Все прекрасное – ужасно, все ужасное – прекрасно. Этюды о художниках и живописи | страница 101
Пригов: Я, например, никогда не предполагал, что работаю для вечности. Я просто работал. У меня не было претензий быть в вечности, поэтому я спокойно относился к настоящему. Я очень рад, что попал именно в то время, потому что в другое моя личная синдроматика была бы хорошо отражена в истории моей психической болезни, но нисколько бы не стала реализацией болевых проблем культуры.
Я: В старые советские времена мы все работали, с точки зрения западного человека, непонятно для чего.
Пригов: Но в то же время с неимоверной горячностью…
Я: Не получая денег…
Пригов: Не заставляя себя…
Я: Не имея надежды выставиться…
Пригов: Хранить свои работы…
Я: Для музея в небесах…
Не зря Вы, дражайший Дмитрий Александрович, проживая в России-матушке, посвятили свою жизнь литературе. Ох не зря. У нас в отечестве мерилом каждого («каждого» подчеркнуть) гражданина является литература, и мы (чуть было не сказал «русские») то и дело друг друга литературой на вшивость проверяем. Вот послушайте.
Иду на днях по Чистопрудному бульвару. Поравнялся с памятником Грибоедову и слышу: «Пушкин, на-х… – б…!» Я против воли как по приказу остановился. Хоть и спешил. Сделал вид, что кого-то жду. Стал озираться, посмотрел на часы. И осторожно повернул голову в сторону, откуда донеслись сии слова. Взору моему предстала сцена из ремейка пьесы Горького «На дне». На скамейке сидели двое. Мужская и женская особи. Опи2савшиеся и обкакавшиеся. У мужчины – синяк под левым глазом, у женщины – под правым. Оба лыка не вязали, несмотря на утренний час. Явно хотели добрать:
М: Пушкин, на-х… – б… говорил своей мамане: дай кружку. Выпьем!
Ж: Дурак ты. Не мамане, а няне Арине Родионовне.
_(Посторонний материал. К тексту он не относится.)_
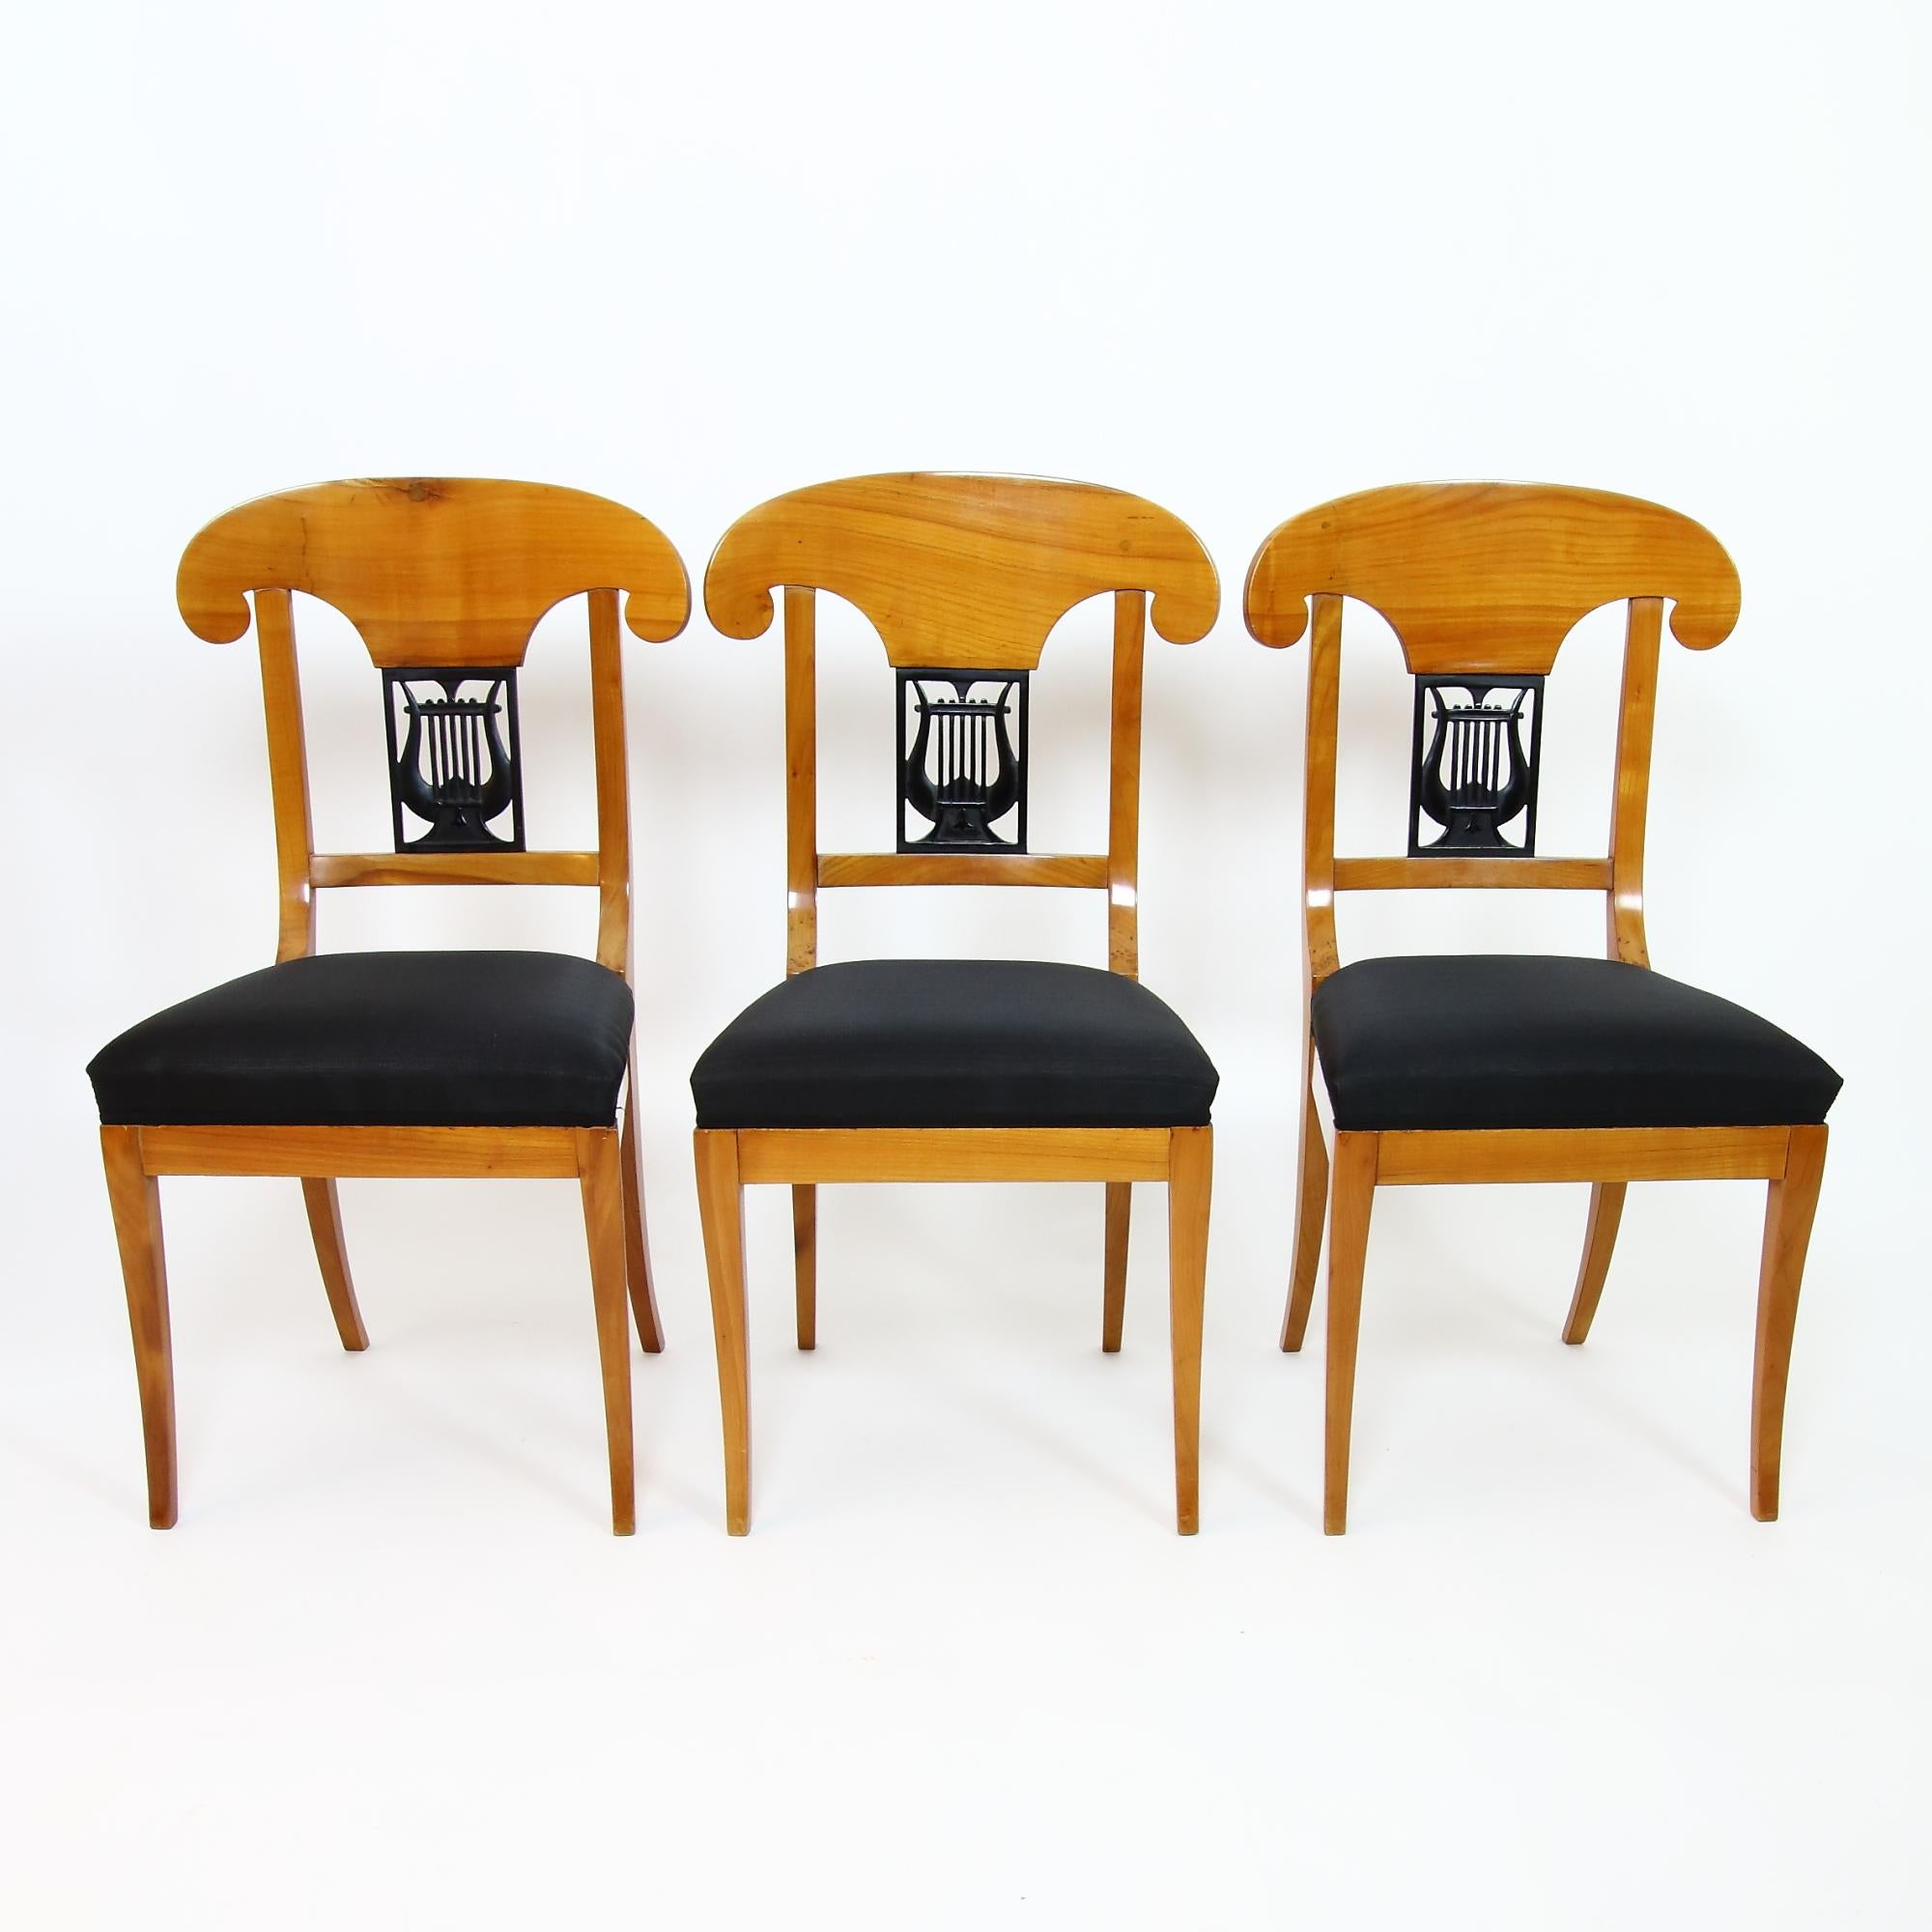 Set of 8 partially Early 19th German Biedermeier Saxe-Coburg provenance chairs: 3 chairs with inventory stamp of Ehrenburg Palace in Coburg (soth Germany)/House of Saxe-Coburg and Gotha, 5 chairs hand-crafted after their model in the late 20th

М: Ну да, вспомнил: голубка дряхлая моя.
Ж: У него еще дружок был – Лермонтов.
М: Дура, Лермонтов родился, когда Пушкин умер.
Ж: Я Лермонтовым тебя прикалывала. Ну ты молодец: не прокололся, б…!
Вы намечали (цели), строили (планы), устанавливали (планку), выполняли (обязательства), брали (рубежи), побивали (рекорды). Железная воля! Иной скажет: «Это все немцы, тевтонская кровь». И ему – иному – сразу легче на душе.
Вот Вы первый раз в Нью-Йорке. Берете карту города. Одалживаете у меня шариковую ручку BIC. Именно «биками» Вы выделывали свои рисунки, доводя поверхность бумаги до состояния черного бархата. Кстати, еще в Москве Вы безбожно (вовсю и всю дорогу) крали шариковые ручки. Просто напасть какая-то: пришел Пригов – в доме ни одной ручки. Впрочем, я не сердился; мне даже нравилось. Позже, на первых порах жизни в Америке, мы с Алесей Вам посылали «бики» упаковками в Москву.